ELLIE TUGS AT NATE’S arm, pointing to the line of men and women making their way across the motorway’s six lanes as the helicopter hovers. Her stomach knots as she watches a man, and then a woman, throw corpses – she hopes they’re corpses – over the middle barrier as though lifting a pillow, and dumping it onto the road below. The d
ead woman’s head hits the concrete partition before slamming onto the tarmac. The man, tall and broad-shouldered with a mass of black hair greying at the temples, vaults over the barrier with ease. Energetic and driven, they are newly infected.
She’d seen it back in the city; on the first day they would move with speed, and agility, displaying enormous strength. They fought ferociously, gouging, biting, kicking, and snapping with a relentless and vicious rage, but as the hours turned into days their energy would deplete. Their bodies showed the trauma, not only of the wounds they sustained, but what Ellie presumed was the deleterious effects of the parasite on the body.
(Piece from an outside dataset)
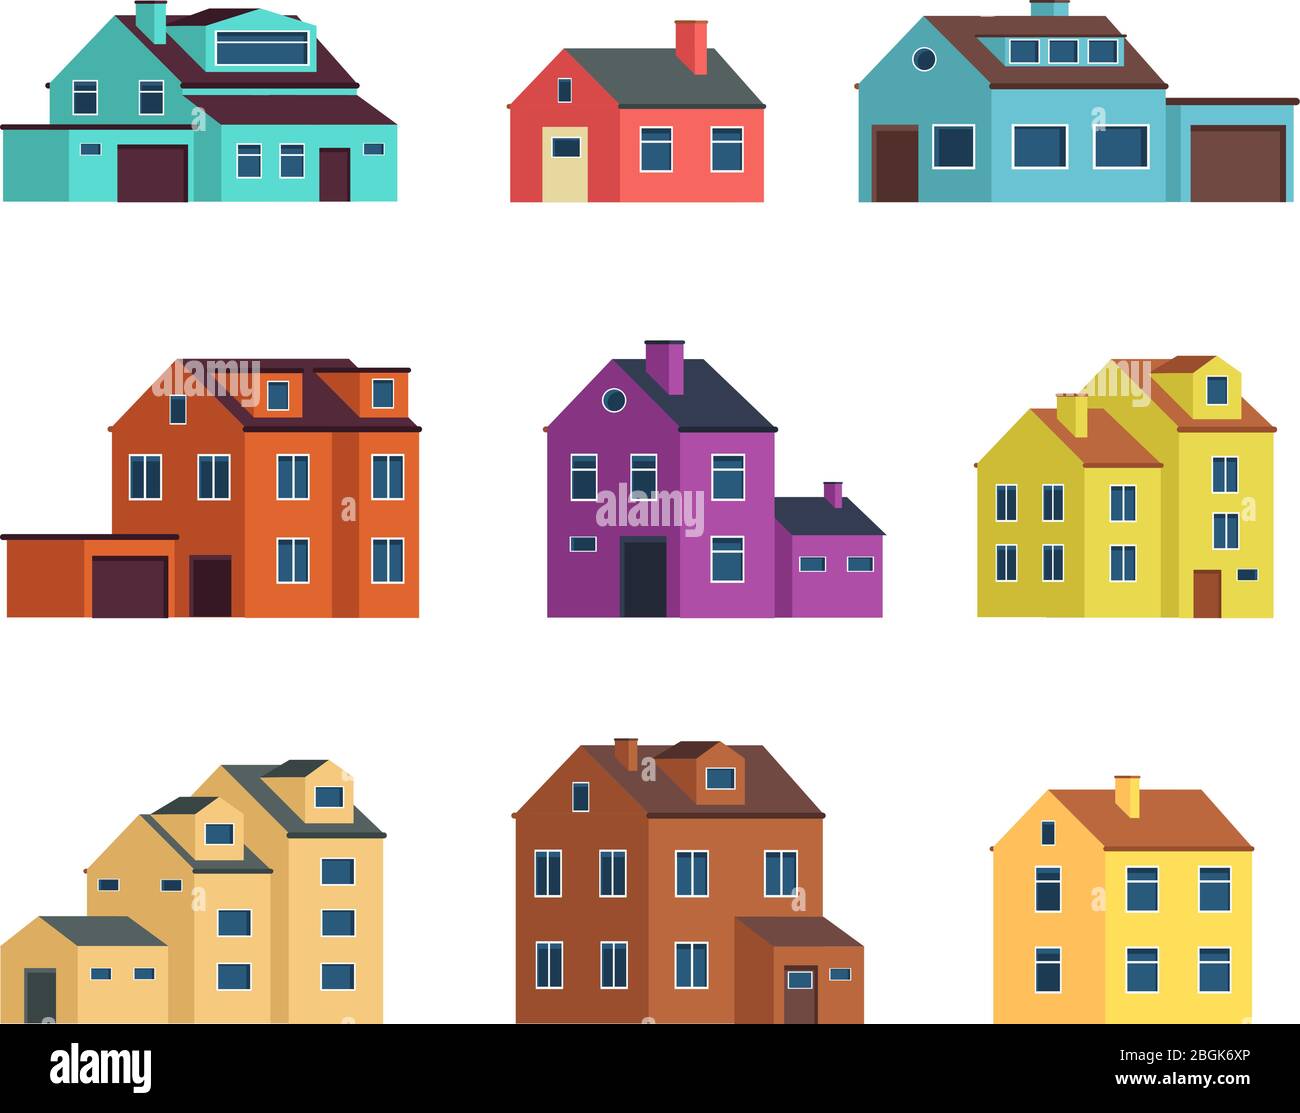 Flat cartoon town houses, cottage buildings with door and windows. Home exterior vector set isolated. House building exterior, town cottage architecture illustration Stock Vector
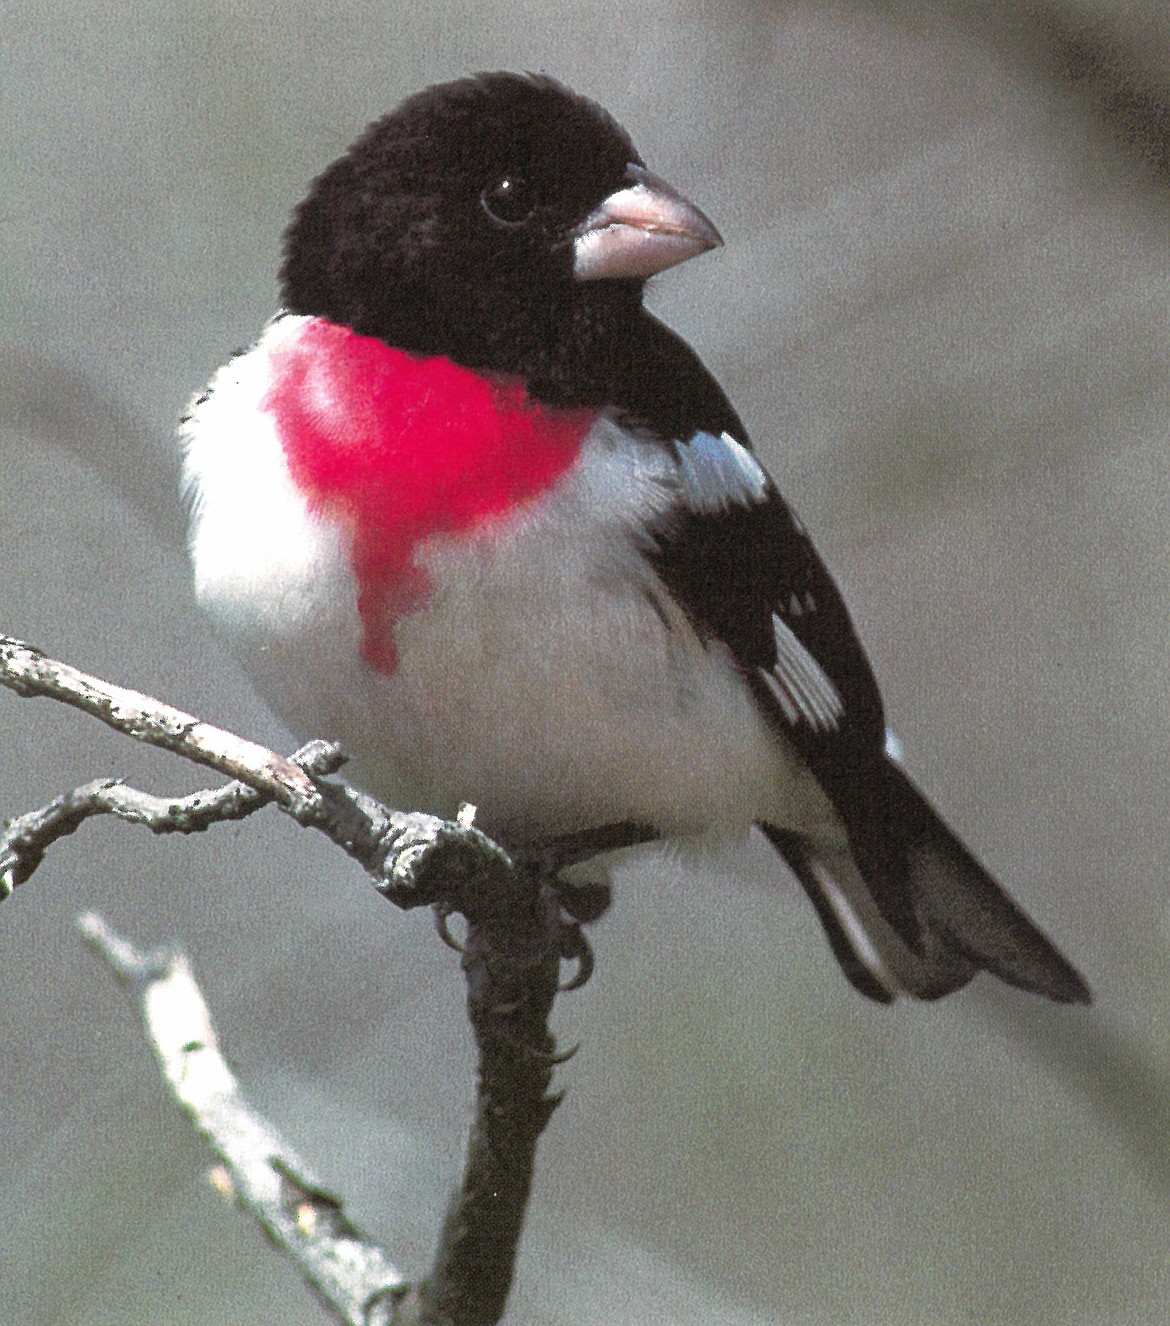 Rose-Breasted Grosbeaks are commonly seen in our area, often “baby-sitting” flocks of smaller Pine Siskins.

The infection, parasite, or whatever it was, seemed to sap the life right out of them. Fat Babs was a perfect example; on first infection, a healthy but overweight specimen, suddenly empowered with incredible strength and a ferocious urge to kill, but the infection seemed to eat her from the inside, her body losing its fat, then muscle until at her death she was a skinny heap of bones covered in saggy urine-coloured skin that was breaking down in great black patches. The eyes had faded too; starting as a bright and shining blood-red to one dulled by an opaque lens. A quick scan of the woman’s body with the torchlight was all that Ellie had been able to stand.
She tugs at Nate’s sleeve. He responds with a muffled grunt and she realises that his attention is on his son. The boy lies in the centre of the helicopter’s cabin, eyes closed, skin a deathly grey. His breath is steady however and a twitch of his fingers and flicker on his eyelids are at least signs of life.
Nate sits stiff beside her. Despite the horrors on the ground, her instinct is to soothe him. “He’s dreaming.”
His response is a grunt.
“You can tell he’s in REM sleep by the way his eyes are moving beneath his eyelids.”
Her voice is muffled within her suit. She hopes he can hear.
“Probably a nightmare,” is his gruff response.
“We’re safe now. They probably have a hospital at the base.”